Many contenders in last year’s WGA West and WGA East elections said securing increased streaming residuals would be a major focus in upcoming contract negotiations, along with a host of other issues, including rates significantly higher minimum wages to compensate for inflation; more secure retirement and health benefits; more equity and inclusion; the elimination of free labor; and the limitation of mini-rooms, where groups of underpaid writers get together before a TV series’ production to break stories and write screenplays.

And in his annual report last May, Lowell Peterson, executive director of the WGA East, looks back on the 2007-08 strike, stating that “as guild members anticipated when they went on strike nearly 15 years, digital technology has transformed the way content is created. and distributed, and how our members make a living. On the television and feature side, everything has changed with the advent of on-demand video streaming, including basic changes in reuse and residual payments; reduction in the number of work weeks and the number of writers in the room; added pressure for free development and other unpaid work, and reduced opportunities for members to move up the ladder…career and produce.

He also noted that under the current WGA contract, “the residue from comedy/variety programs made for SVOD is pitiful.”

Among the frequently asked questions on its website, the guild asks, “What happens if writers go on strike?

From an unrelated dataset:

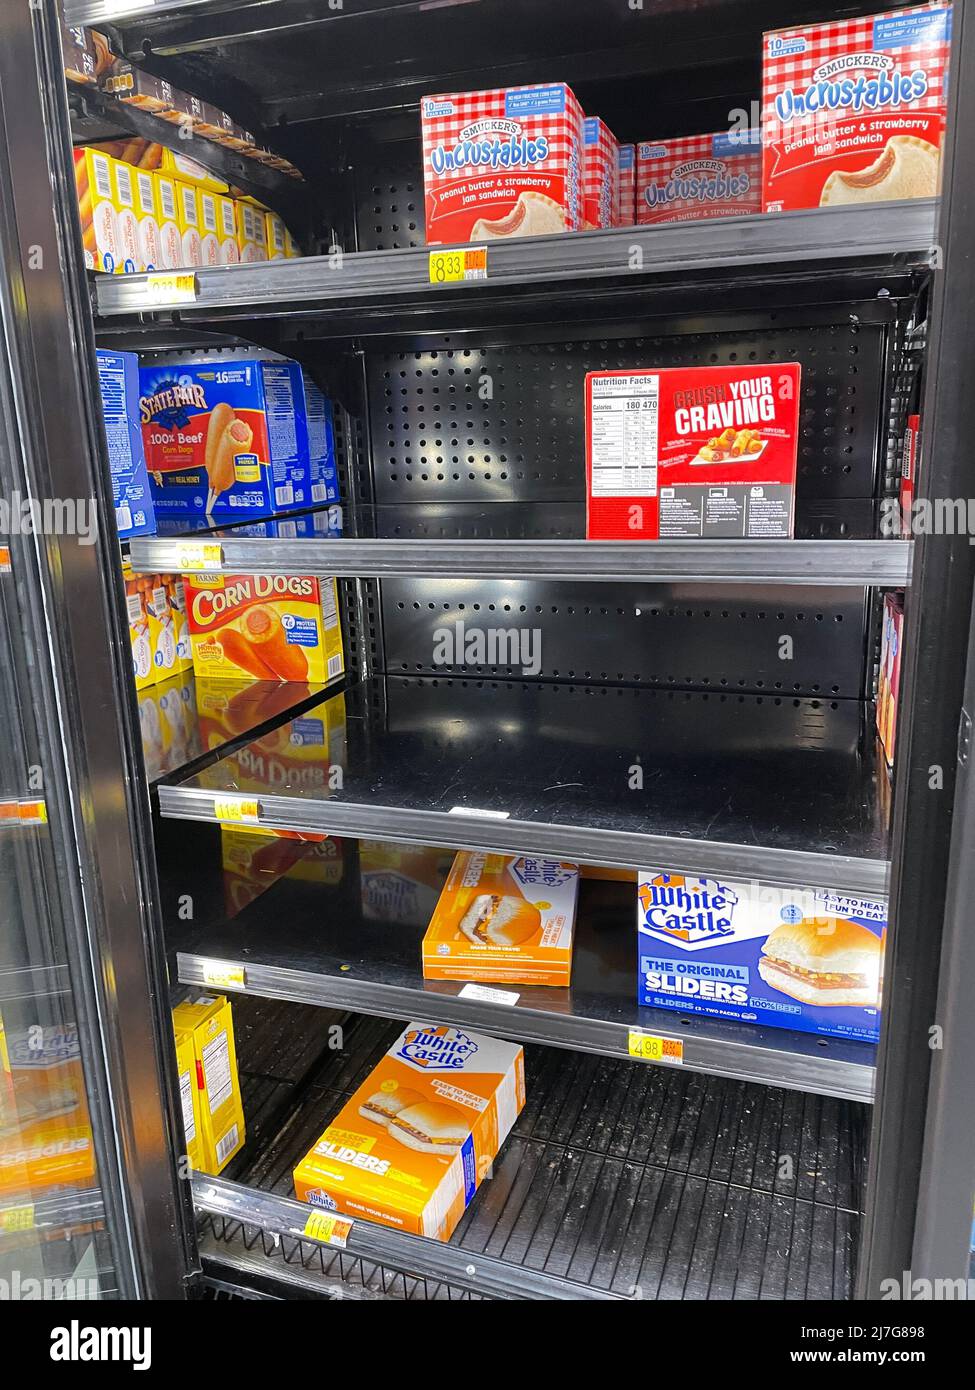 Grovetown, Ga USA - 04 20 22: Walmart freezer section empty holes and prices Stock Photo

The answer: “WGA management can only call a strike after the members have authorized it and the current contract has expired. If a strike is called, members are prohibited from performing covered writing services for companies that do not have an agreement with the WGA. To show unity and resolve, writers picket and engage in other collective actions that help pressure AMPTP to improve its offering. Negotiations can continue during a strike.

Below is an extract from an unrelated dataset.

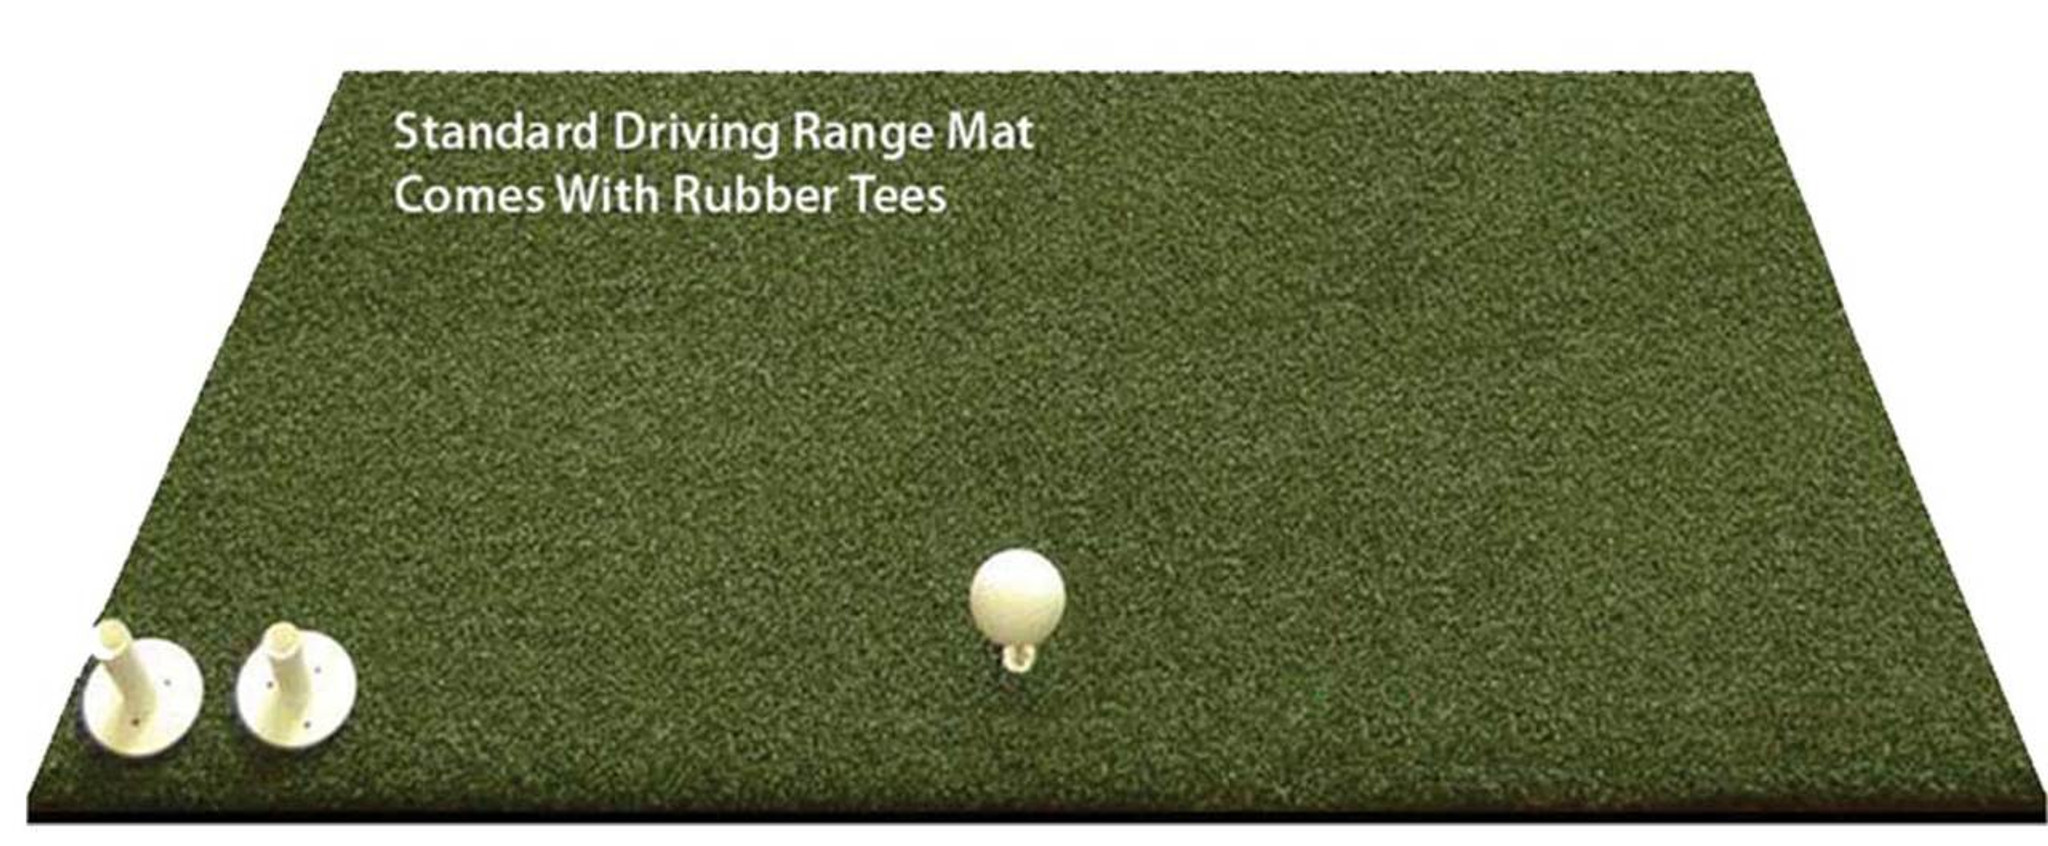 5Star Commercial Driving Range Golf Mat - GORILLA

“By striking and suspending their work, writers are using their influence to secure meaningful economic gains for all union members. A strike can also pose a financial challenge for individual writers. In the event of a strike, a strike fund committee will oversee the WGAW strike fund for members facing economic hardship as a result of the action.

WGA West’s most recent financial report, filed with the U.S. Department of Labor for the fiscal year ending March 31, 2022, notes that 29 members had still not repaid $280,659 in strike loans taken out during the last strike. Loans are secured by written assignments of a portion of members’ future residual income. Over time, the amount of these outstanding loans has dropped significantly – from $841,151 in 2011.